Professor Phillips has contributed to many optometric publications, and is co-editor of the optometric textbook Contact Lenses and author of The Optometrist’s Practitioner-Patient Manual, a book of photos and diagrams to help optometrists and particularly students explain to patients their clinical condition.
He is head of contact lens teaching at Flinders University’s School of Optometry and Vision Science and leads the Medical Contact Lens Units at the Flinders Medical Centre and the Women’s and Children’s Hospital in Adelaide.
The awards are given annually to distinguished clinicians, scholars and scientists in the contact lens field, particularly those working in areas relating to speciality contact lenses.
‘I am delighted and humbled to be recognised for my work and very proud to have been able to represent Australia and Flinders University,’ Professor Phillips said in a media release.
His optometric career began in London after graduating from The City University and researching micro-ocular anatomy, reaction times with yellow night driving spectacles and underwater contact lenses for the Royal Navy.
The GSLS website states: ‘As a penniless research student he and three other research students began fitting private contact lens patients as a means of supplementing their income.
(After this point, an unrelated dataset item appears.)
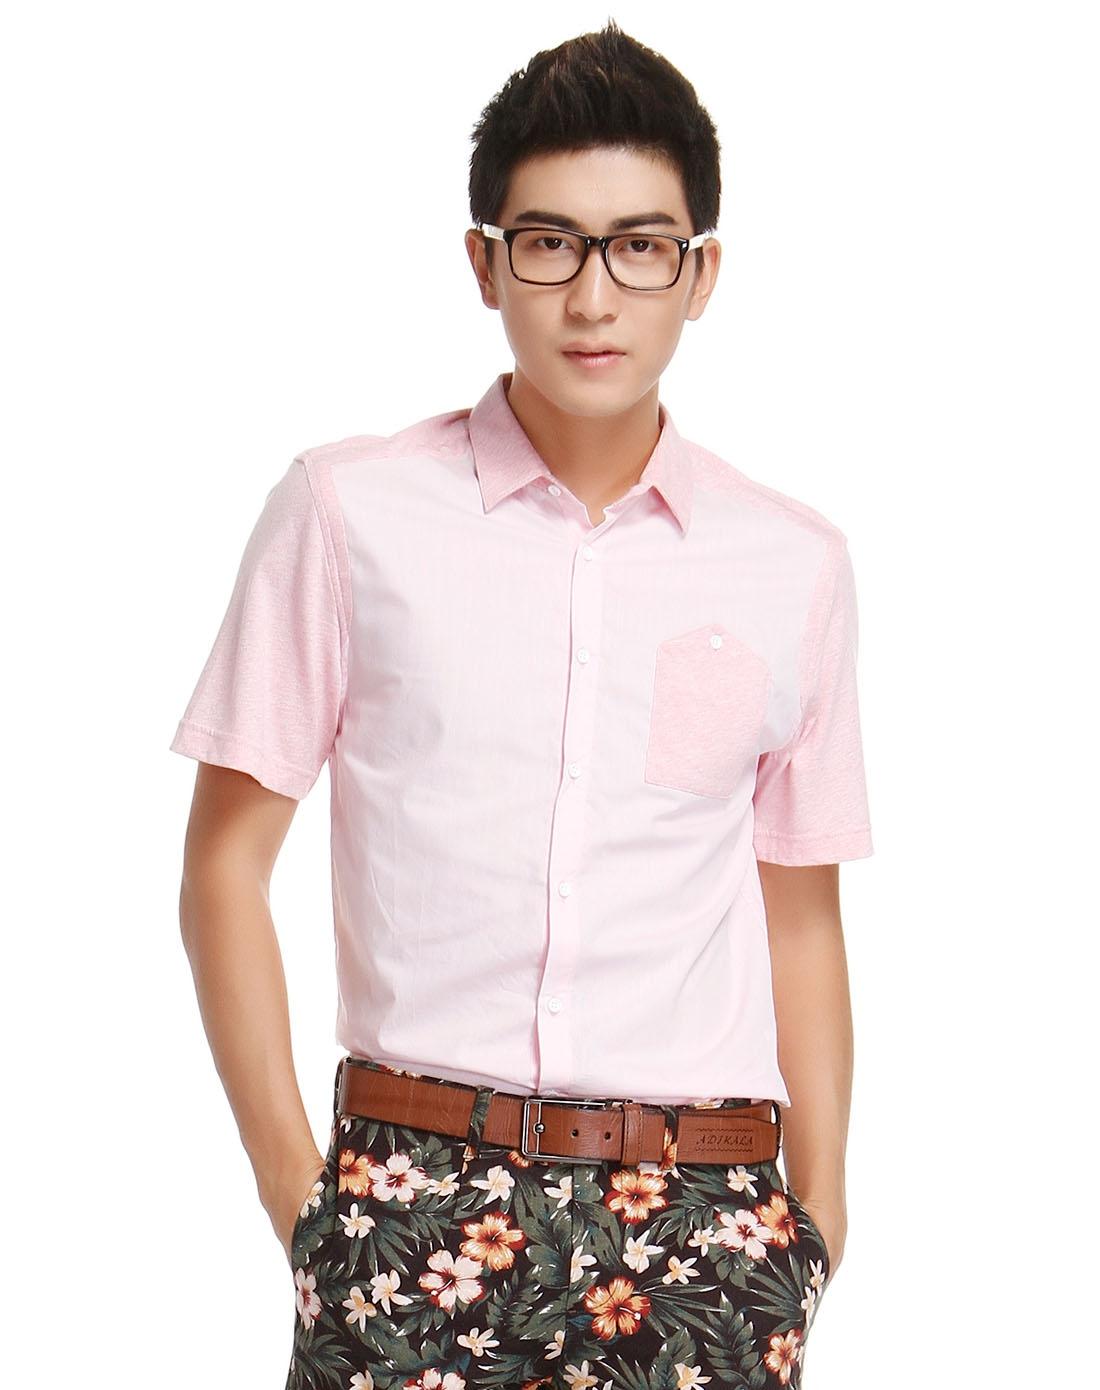 男士粉红修身短袖衬衫

Three now lecture in universities around the world on the subject. They also formed part of the core that produced the first edition of the textbook Contact Lenses.
‘Tony has lectured extensively around the world and is now working with co-editor Lynne Speedwell on the sixth edition of the Contact Lenses textbook which includes more than 40 co-authors from around the world.’
A former national president of The Australian Cornea and Contact Lens Society, he received the society’s Lifetime Achievement Award in 2007.
Professor Phillips is the third Australian to have received the GSLS Award of Excellence. The inaugural winner was the late Professor Brien Holden in 2013, and the 2015 recipient was scleral lens pioneer, Donald Ezekiel.